TEXT OF COMMENTARY
Kai Ryssdal: When she was in Latin America last week, Secretary of State Hillary Clinton promised that the Obama administration is going to do more to fight drug violence. That violence has been a particular problem in Mexico. It has disrupted everyday life in some parts of the country. It’s adding to the strain on the Mexican economy. And it’s affecting immigration here.
Commentator Gustavo Arrellano explains how.
GUSTAVO ARRELLANO: A friend gave me a belt a couple of months ago but not just any length of leather.
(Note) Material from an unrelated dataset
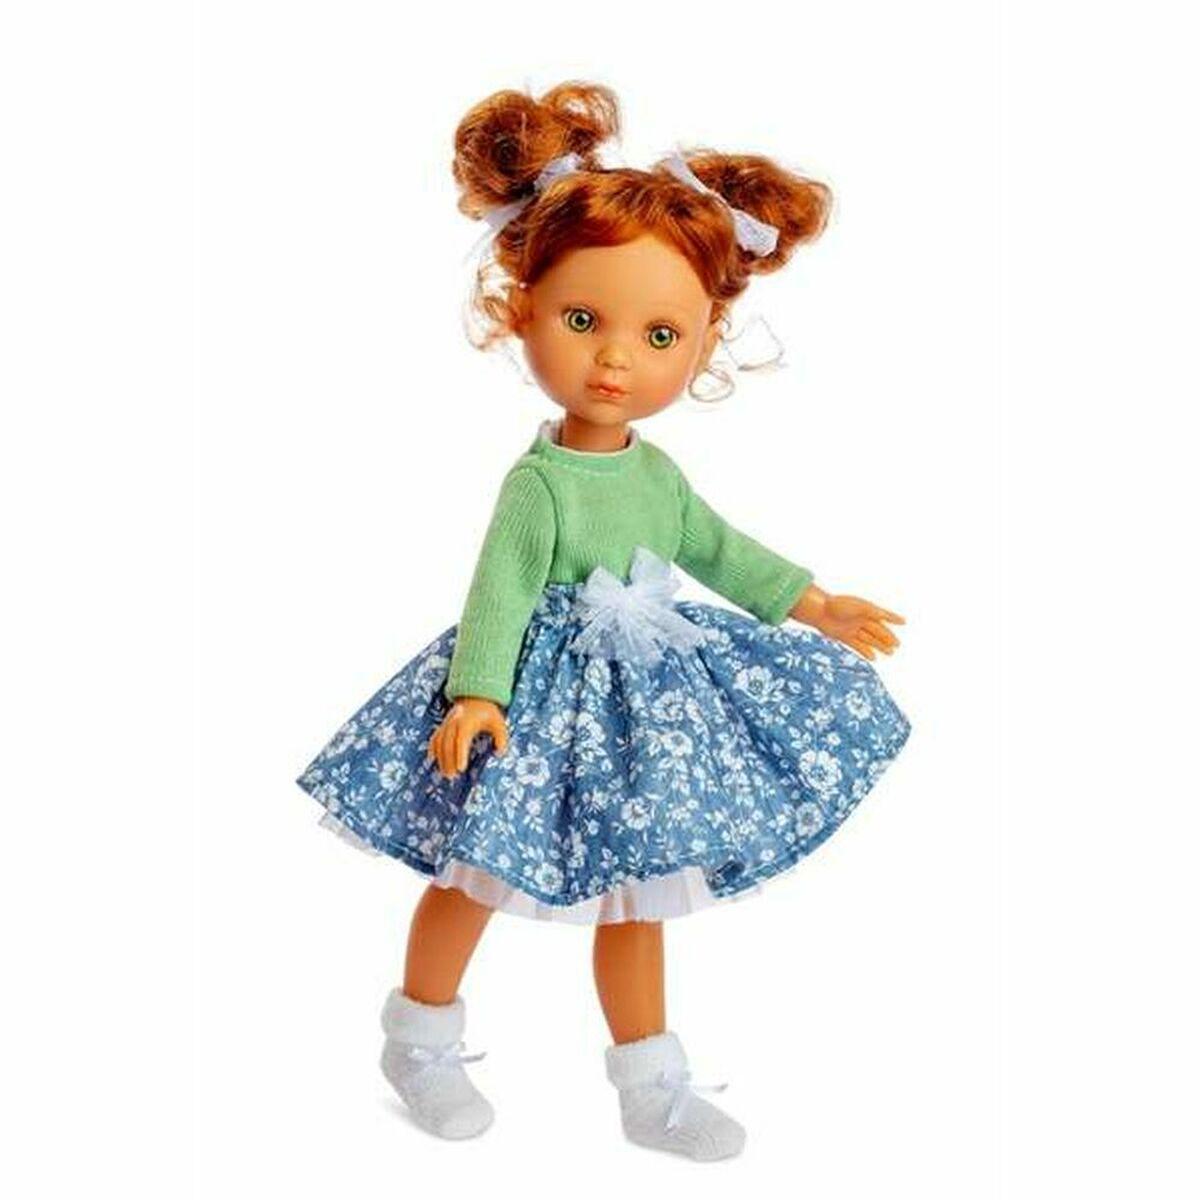 Baby doll Berjuan Eva Redhead Green Jersey 35 cm - VirtuousWares:Global

It’s a “cinto pitiado” — an arabesque piece of art traditional to the Mexican home state of our parents, Zacatecas. Each is crafted over weeks, woven with threads derived from the agave plant. Mine is mid-level nice, and it’s still worth hundreds of dollars. And great to hide the biggest guts, too!
My amigo gave it to me for free under one condition. He asked — pleaded, really — that I tell everyone I could about the cinto pitiado, and urge them to buy one.
Zacatecas is suffering a Gran Recession like us. But there, it’s exacerbated by something far more sinister — the narco wars. Gone are the days when caravans of folks from my family’s ancestral villages drove from Southern California to their Mexican homes and return with their trucks crammed with local goodies. We were just some of the hundreds of thousands of Zacatecan expats who annually injected their home state’s economy with millions.
We can tolerate police bribes, but kidnappings and ransom notes? No.
Even worse, the narco wars have put a chokehold on Mexico’s longtime lifeline to First World status: the money immigrants send back home. It ranks second only to oil as a source of revenue to the country’s economy. Mexicans now have to think twice before wiring cash to their loved ones south of the border. The wrong people may notice and shake them down.
But still, Mexico needs money from its emigrants. Mexicans already have informal economic networks, but perhaps the American government can lessen tariffs on artisan goods from Mexico. It’ll motivate more Mexicans on both sides to create import businesses and lessen Mexico’s current dependence on emigrant money.
Oh, and for the anti-immigrant loons in the audience? What are you doing listening to Marketplace? But seriously: Buying Mexican will keep more Mexicans in Mexico and fend off the invasion. Love America: buy Mexican.
RYSSDAL: Gustavo Arellano writes the “Ask A Mexican” column for the Orange County Weekly.